Friday, August 3, 2018

Natural Farming Models

Dr Abe V Rotor
Living with Nature School on Blog

 Rice-based farming, monoculture, one crop a year .  Painting by AVRotor. 

Let me give you scenarios of natural farming.

1. Zero tillage. Ratooning of sugarcane requires no plowing, new shoots from previous crop are raised with irrigation and fertilization. Tillers of rice may also comprise the second crop. Pineapple farms are sustained by subsequent suckers.

2. Payatak method (Samar) - This is a local version of zero tillage. No plowing, no harrowing. A herd of carabaos trample of the soil until it turns puddle, then the one-month old seedlings are transplanted. No spray, no fertilizer. This is natural farming in the marginal sense, a carryover of traditional farming.

3. Mixed orchard (Zambales) - A mixture of several kinds of trees, orchard, firewood trees, forest trees grow together without any apparent planning.
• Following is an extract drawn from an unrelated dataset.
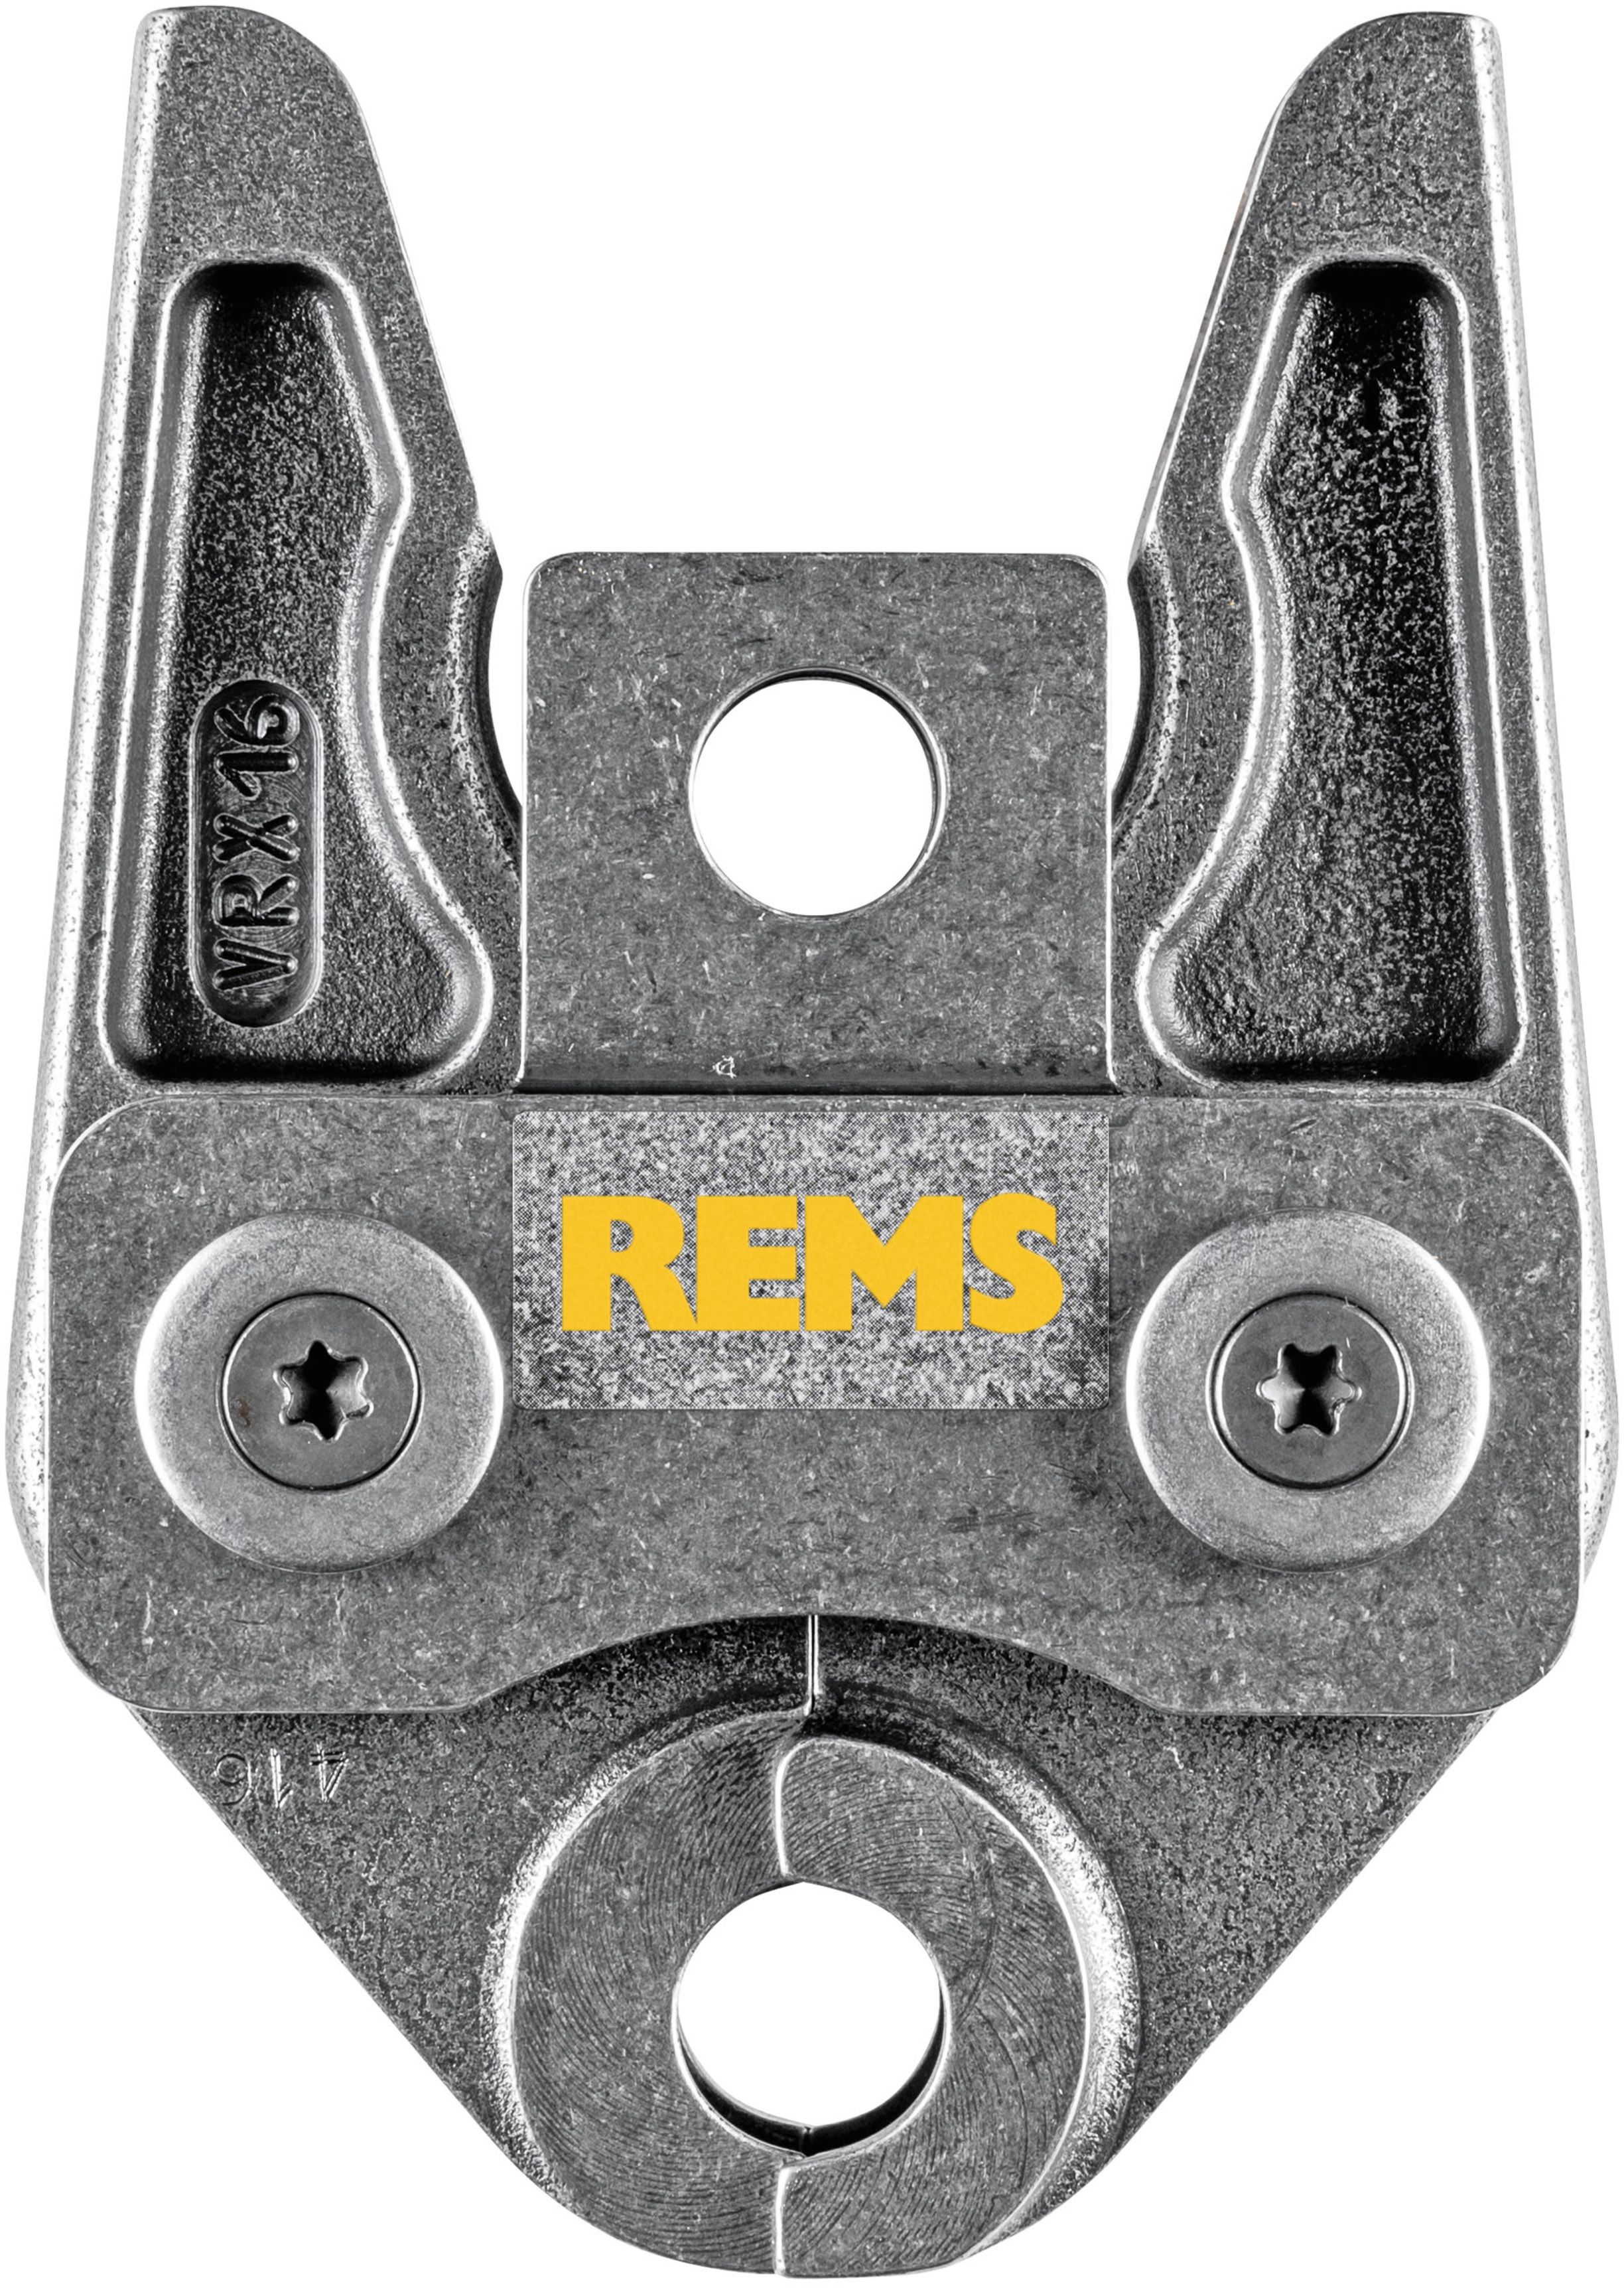 REMS Presszange 571750, VRX 16 - Sanitärwerkzeuge

Yet these trees follow a natural pattern of arrangement. They have no common pest, they need soil fertility differentially, they have their own space niche, they make up several storeys. Management is very little. Nature takes care of everything.
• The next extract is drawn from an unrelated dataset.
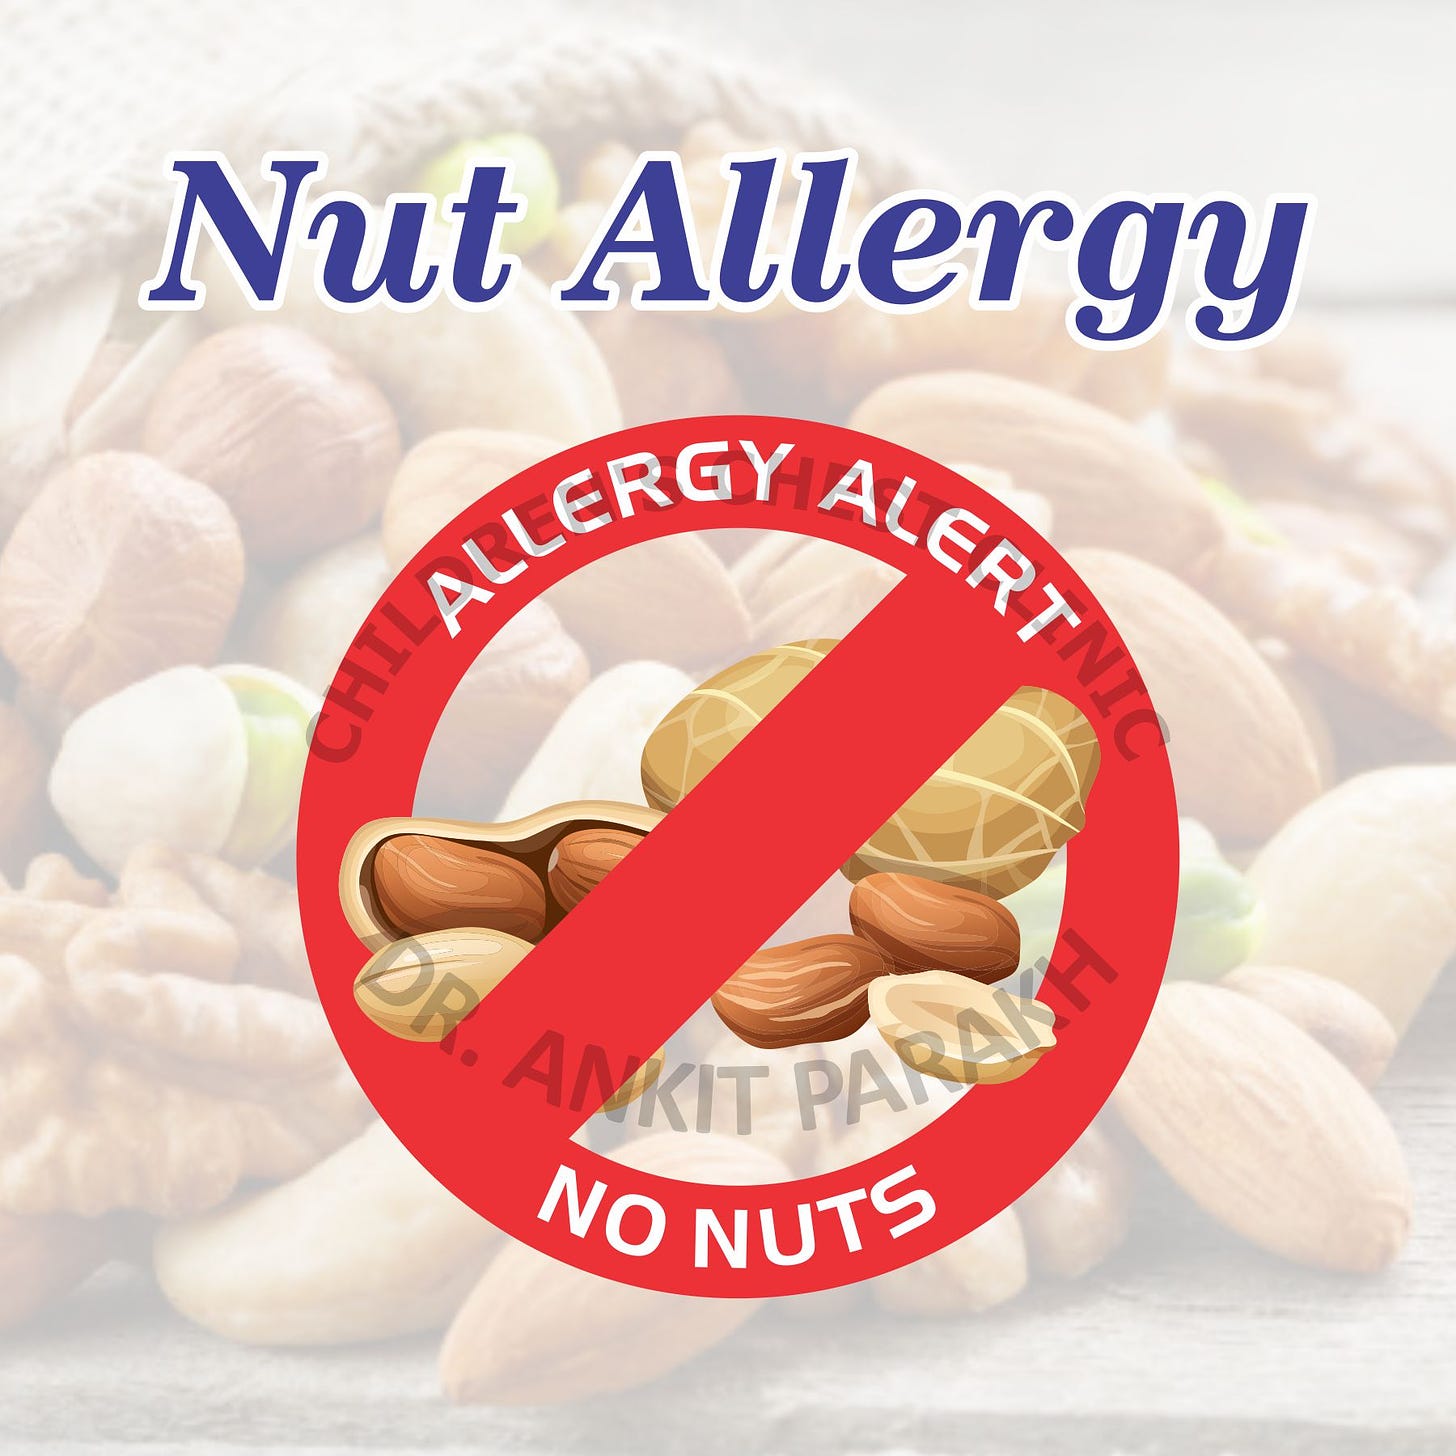 Nut Allergy | Causes, Symptoms & Treatment - Dr. Ankit Parakh

4. Multiple cropping model (Sta. Maria. Bulacan) - Here the farmer engages in the production of three commodities. For Narciso Santiago, national outstanding farmer, his 2.5-ha farm produces frults, vegetables and rice. He has several heads of carabao and cattle grown on homelot, pastured between the orchard trees. A pond supplies irrigation, as it produces tilapia and mudfish. Why three commodities? It is because they are closely integrated. This is the key to natural farming where there are a number of products to be desired.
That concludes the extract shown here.